▶ [COLLECTED DATA]
━━━━━━━━━━

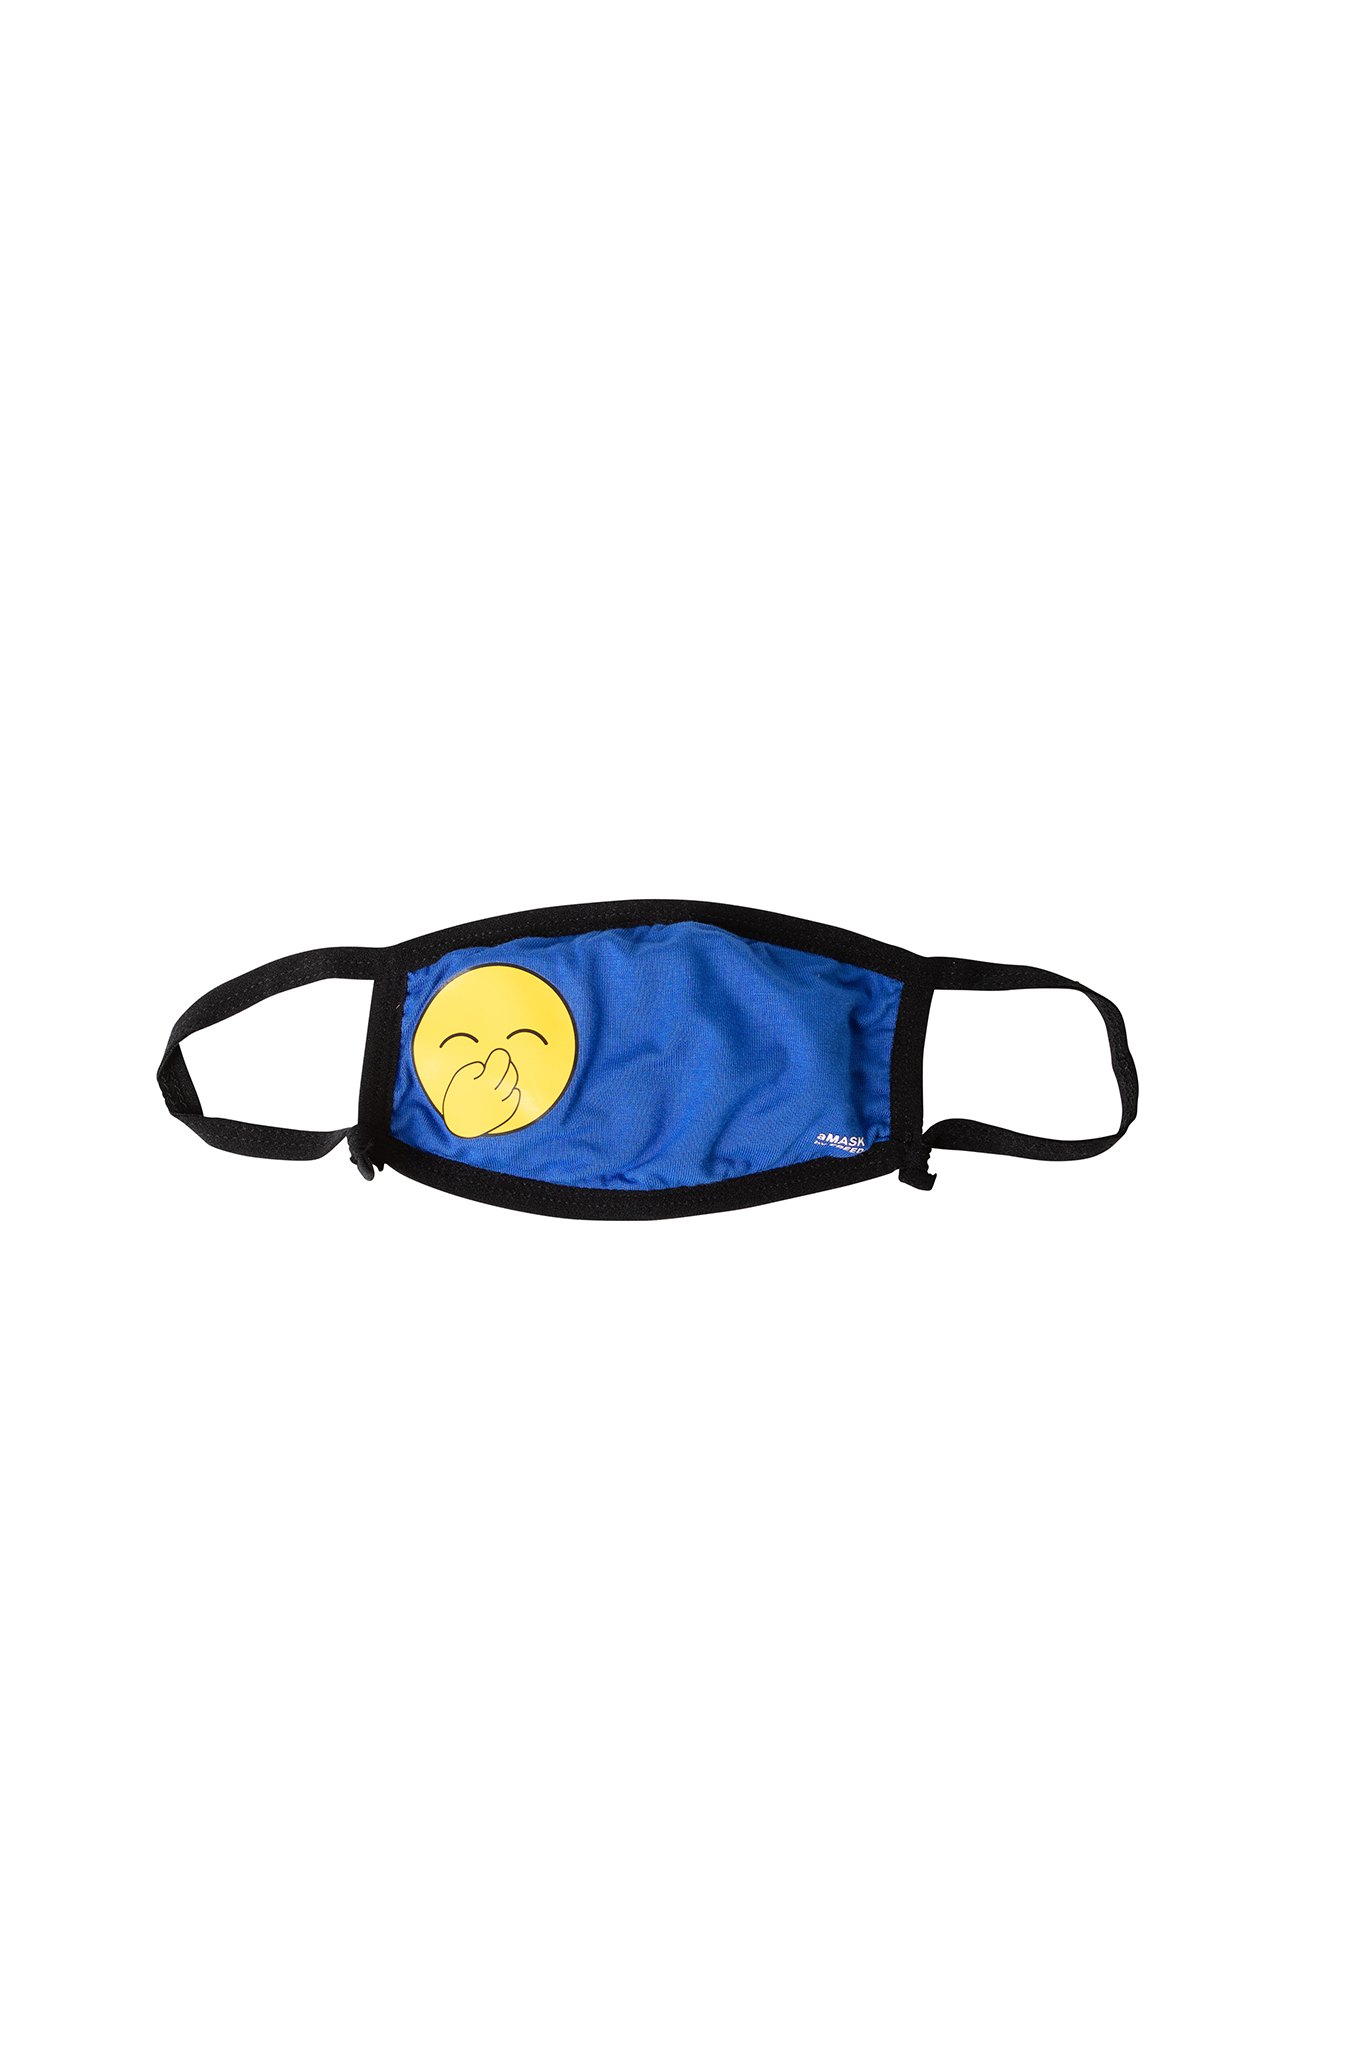 Kid's cotton breathable face mask.
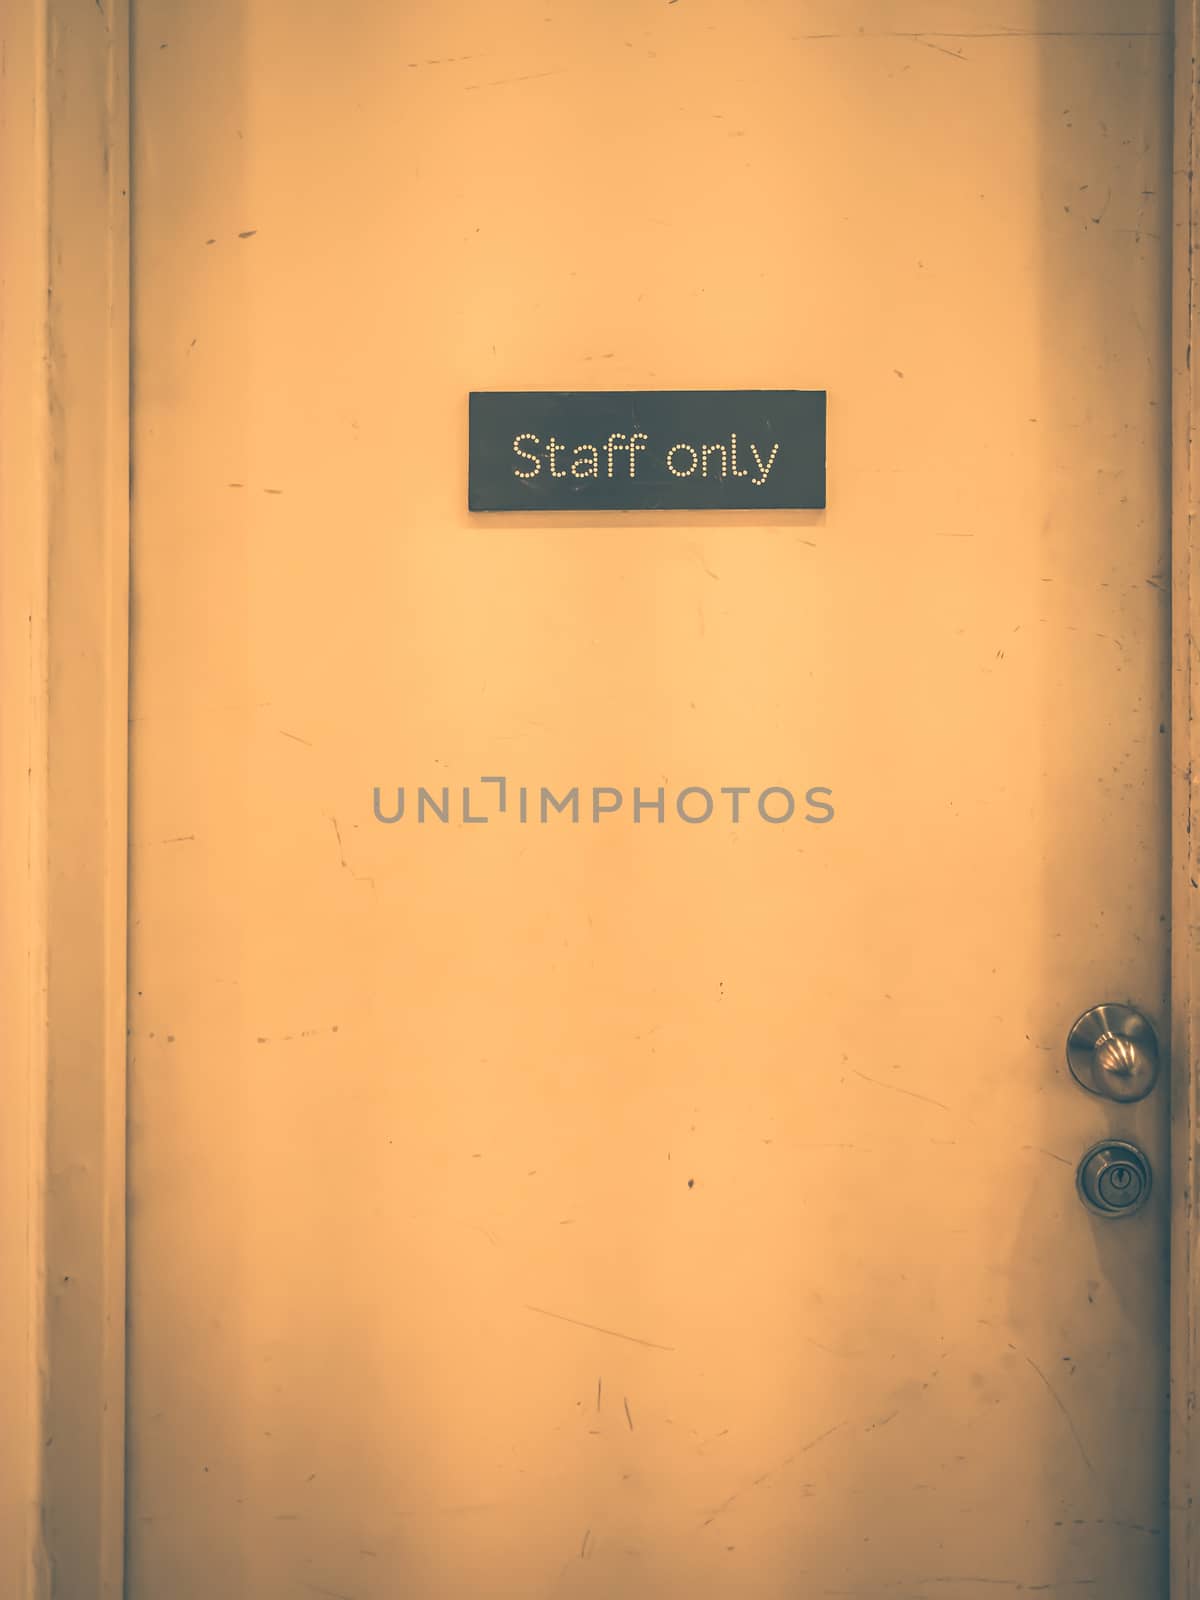 Staff only sign on a old door. Vintage tone by ronnarong
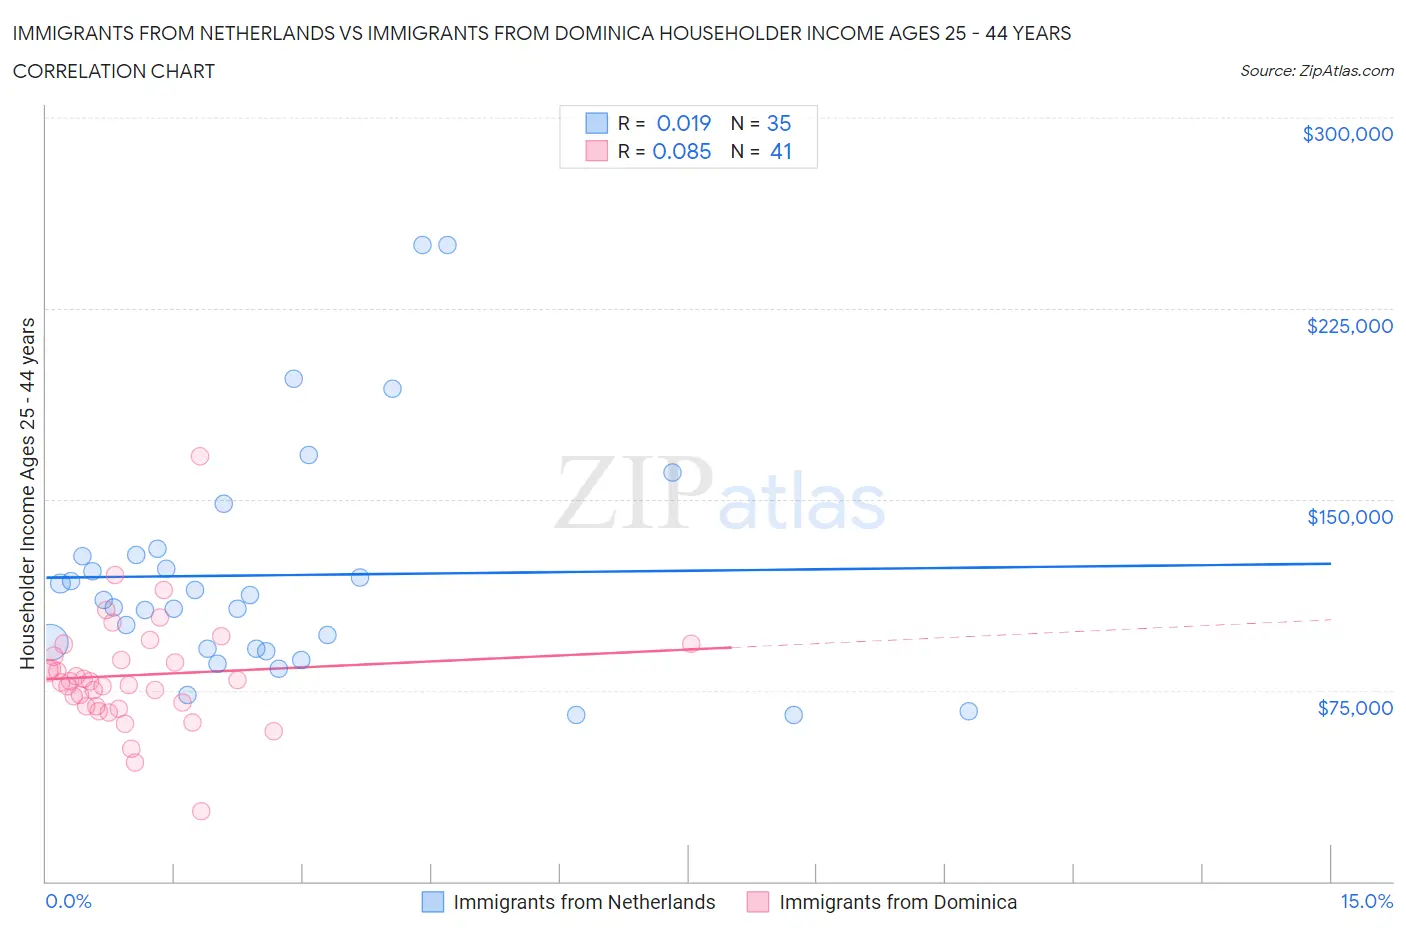 Immigrants from Netherlands vs Immigrants from Dominica Householder Income Ages 25 - 44 years

━━━━━━━━━━

▶ [INSTRUCTIONS FOR THE TASK]
Please copy the data shown above word for word, omitting the pictures.

▶ [YOUR RESPONSE]
 Kid's cotton breathable face mask.
 Staff only sign on a old door. Vintage tone by ronnarong
 Immigrants from Netherlands vs Immigrants from Dominica Householder Income Ages 25 - 44 years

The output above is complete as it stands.